Eu quero saber me querer
Com toda a beleza e abominação
Que há em mim

Stranger things have happened...

I can change, I can change, I can change, but who you want me to be?
I'm the same, I'm the same, I'm the same, oh do you want me to be?

You're not alone, dear loneliness
You forgot but I remember this
So stranger things have happened, I know


Foo Fighters - Stranger Things Have Happened



Essa música traduz um pouco do momento que estou vivenciando. A dura escolha de ser. Quem eu quero ser, afinal? Ser uma metamorfose ambulante tem lá seus prós, mas a falta de uma constância às vezes me incomoda, me força a escolher um caminho certo. Quem eu quero ser? Qual caminho escolher? Viver é uma sucessão de escolhas e caminhos incertos, que irão nos levar a lugares desconhecidos, cheios de mistérios e sentimentos. Penso que não há caminho certo ou errado, não há melhor ou pior caminho, e é isso que tanto me aflige, porque não há critério de escolha.
Sempre busquei tomar as rédeas da minha própria vida, mas ela tem me desnorteado e me feito tropeçar nos caminhos que não escolhi, que segui cegamente por um motivo ou outro. Não sei onde estou pisando, estou ébria nesta realidade louca que meu sistema imunológico desenvolveu. Não sei onde me encontro, não sei. Será que perder-se também é mesmo caminho, minha cara Clarice?

7 de abr. de 2010

Tua - Por Livia Leal




Silenciosamente e
Desesperadamente
eu tento
exprimir o inexprimível
E as palavras que me saem
são poucas
são fracas
Ah! como eu queria
que elas pudessem dizer-te o que sinto
mergulhada em mim
Que ausência perturbadora!
Contar-te onde me procuro
e onde não me encontro
Para que pudesses me ver
Eu
e somente
e só
e simplesmente
e toda
tua.

Mais um dia e a poesia ainda sorri pra mim. A compreensão está muito além dos sentidos. Os pássaros cantando. Tão incomum e tão divino é ver a vida como um pássaro cantante. E, no entanto, quantos pássaros cantam! E quanta vida há que pensamos não poder alcançar. E o sentimento que existe, ele todo, pode. E nós não vemos; talvez não saibamos. Mas poesia não basta; esperança, também. A batalha começa mesmo com um passo único.

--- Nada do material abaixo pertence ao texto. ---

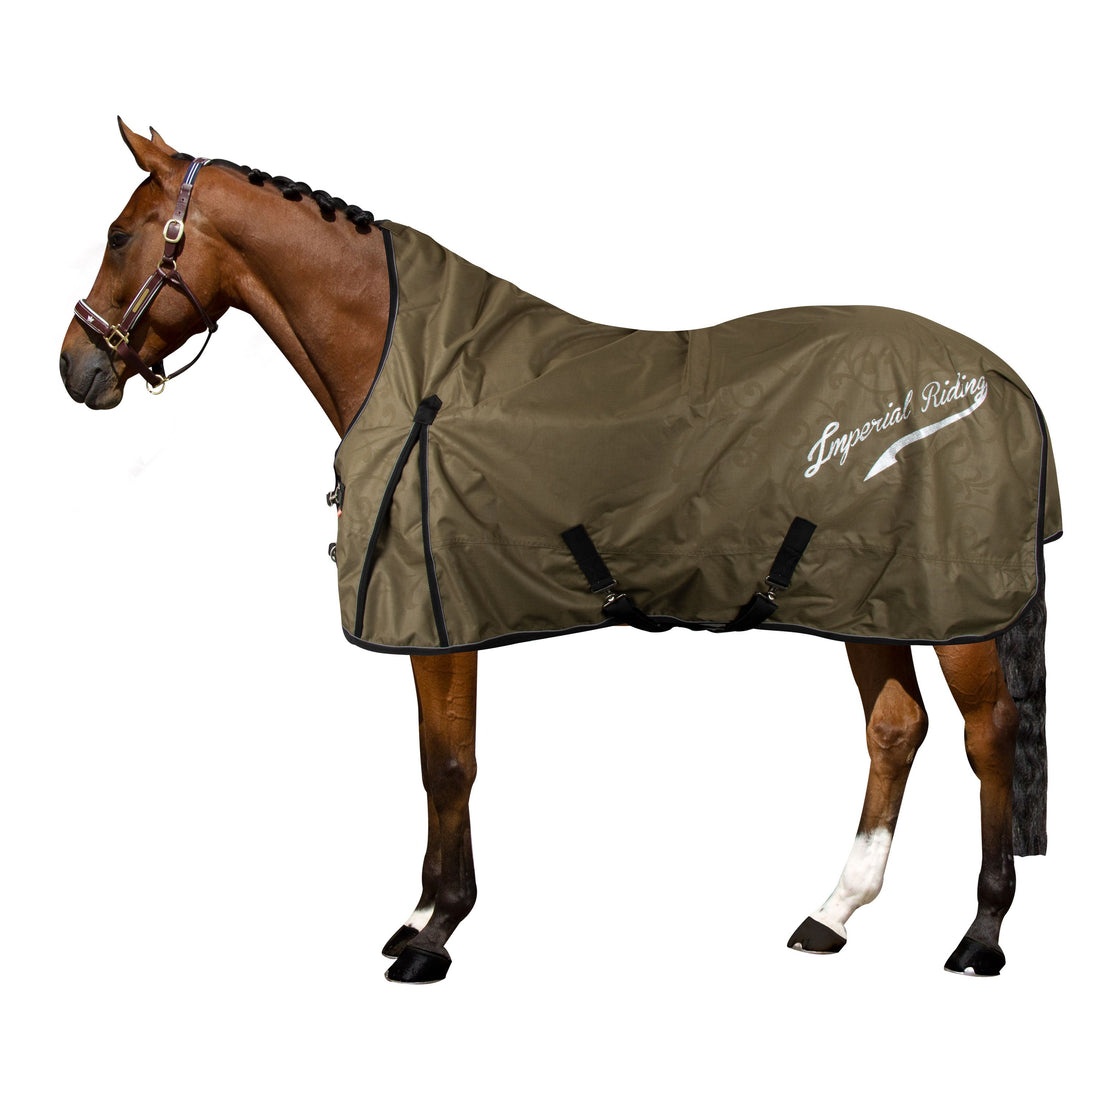 Imperial Riding - Outdoor blanket, Super-dry, 400gr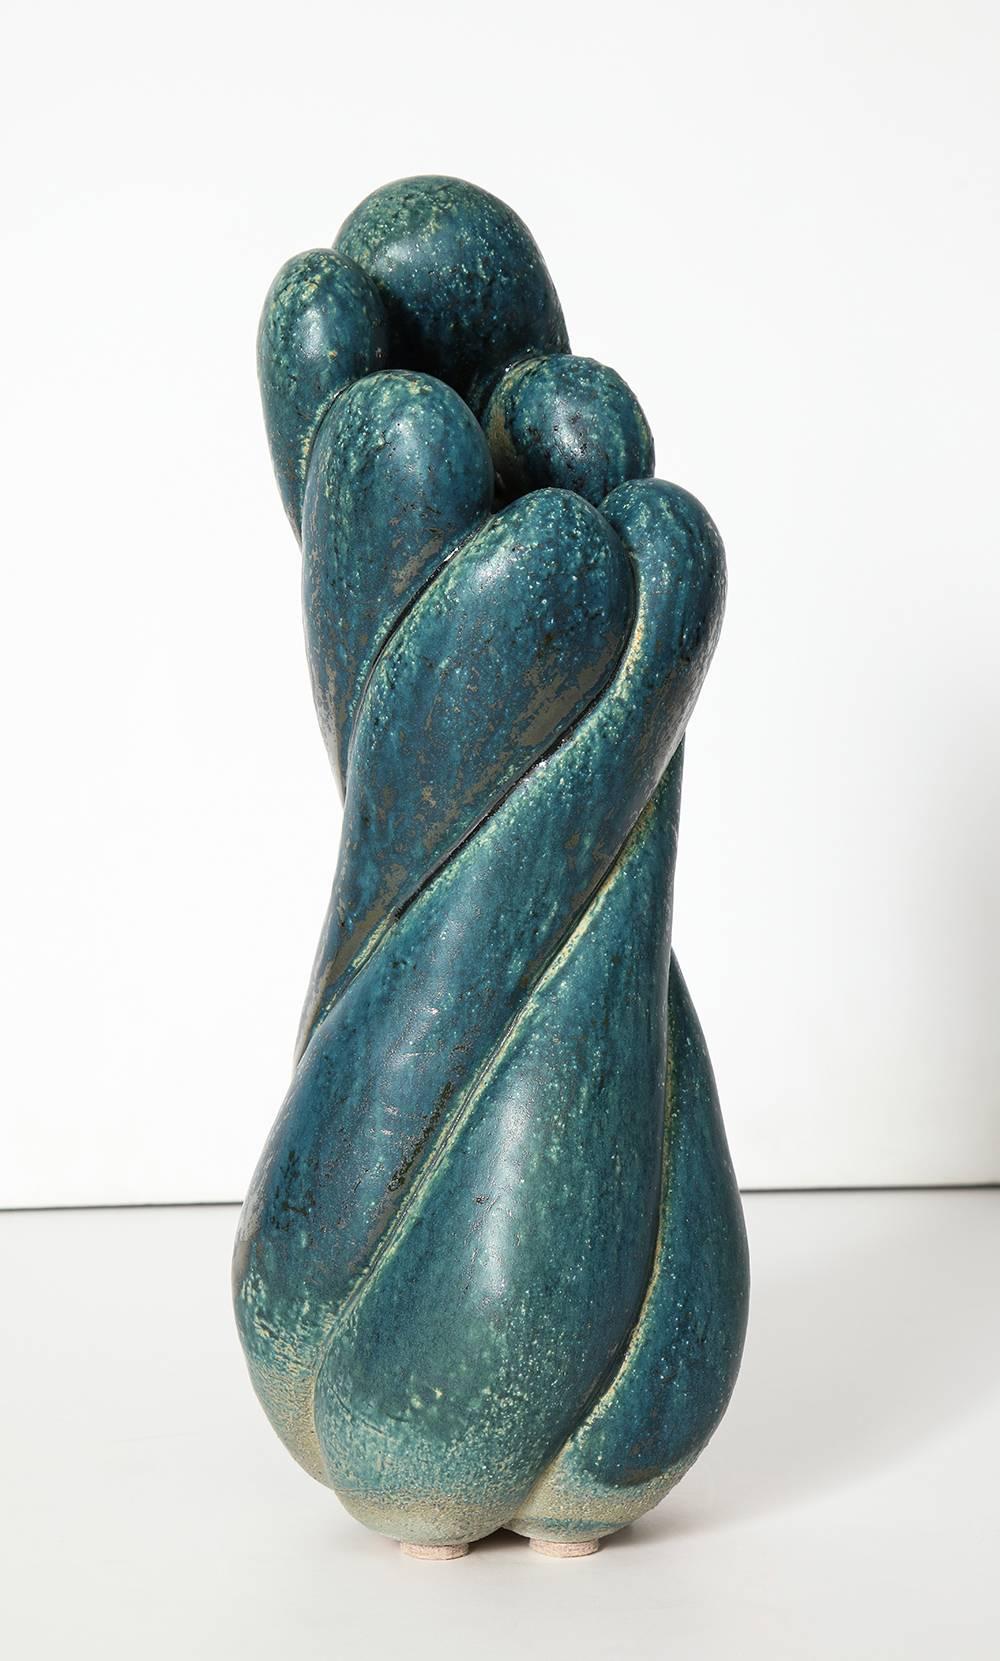 Handmade stoneware vase form, with teal blue glaze. Artist-signed and dated on underside.
  

Hoje teremos um bom dia. O sol saiu, os pássaros cantam. Posso ouvi-los agora mesmo. O seu sorriso pode ser um passo único.

6 de abr. de 2010

Uma música chuvosa para um dia chuvoso...



Try Again - Keane

I fell asleep on a late night train
I missed my stop and I went round again
Why would I want to see you now?
To fix it up, make it up somehow.

Baby I'll try again, try again
Baby I die every night, every time

What I was isn't what I am
I'd change back but I don't know if I can

Still I'll try, try again, try again
Baby I die every night, every time

But I was made the way I am
I'm not a stone; I'm just a man
Lay down your arms and I will lay down mine
Rip back the time that we've been wasting

God I wish you could see me now
You'd pick me up and you'd sort me out

3 de abr. de 2010

Morte.

Motivo - Cecília Meireles

Eu canto porque o instante existe
e a minha vida está completa.
Não sou alegre nem sou triste:
sou poeta.

Irmão das coisas fugidias,
não sinto gozo nem tormento.
Atravesso noites e dias
no vento.

Se desmorono ou se edifico,
se permaneço ou me desfaço,
— não sei, não sei. Não sei se fico
ou passo.

Sei que canto. E a canção é tudo.
Tem sangue eterno a asa ritmada.
E um dia sei que estarei mudo:
— mais nada.






Um dia todos nós estaremos mudos, essa é a lei da vida. E o que fica é a saudade da melodia, do ritmo da pessoa que se foi. Fica um chiado meio angustiante, o eco da música que um dia foi cantada. Quem vai leva sua voz. Para quem fica, só resta escutar o som que vai se apagando aos poucos até não restar mais ruídos.
Este post é dedicado a todos aqueles que ainda escutam melodias que já se foram.
Porque a saudade nada mais é do que um eco infinito de um som que já se foi.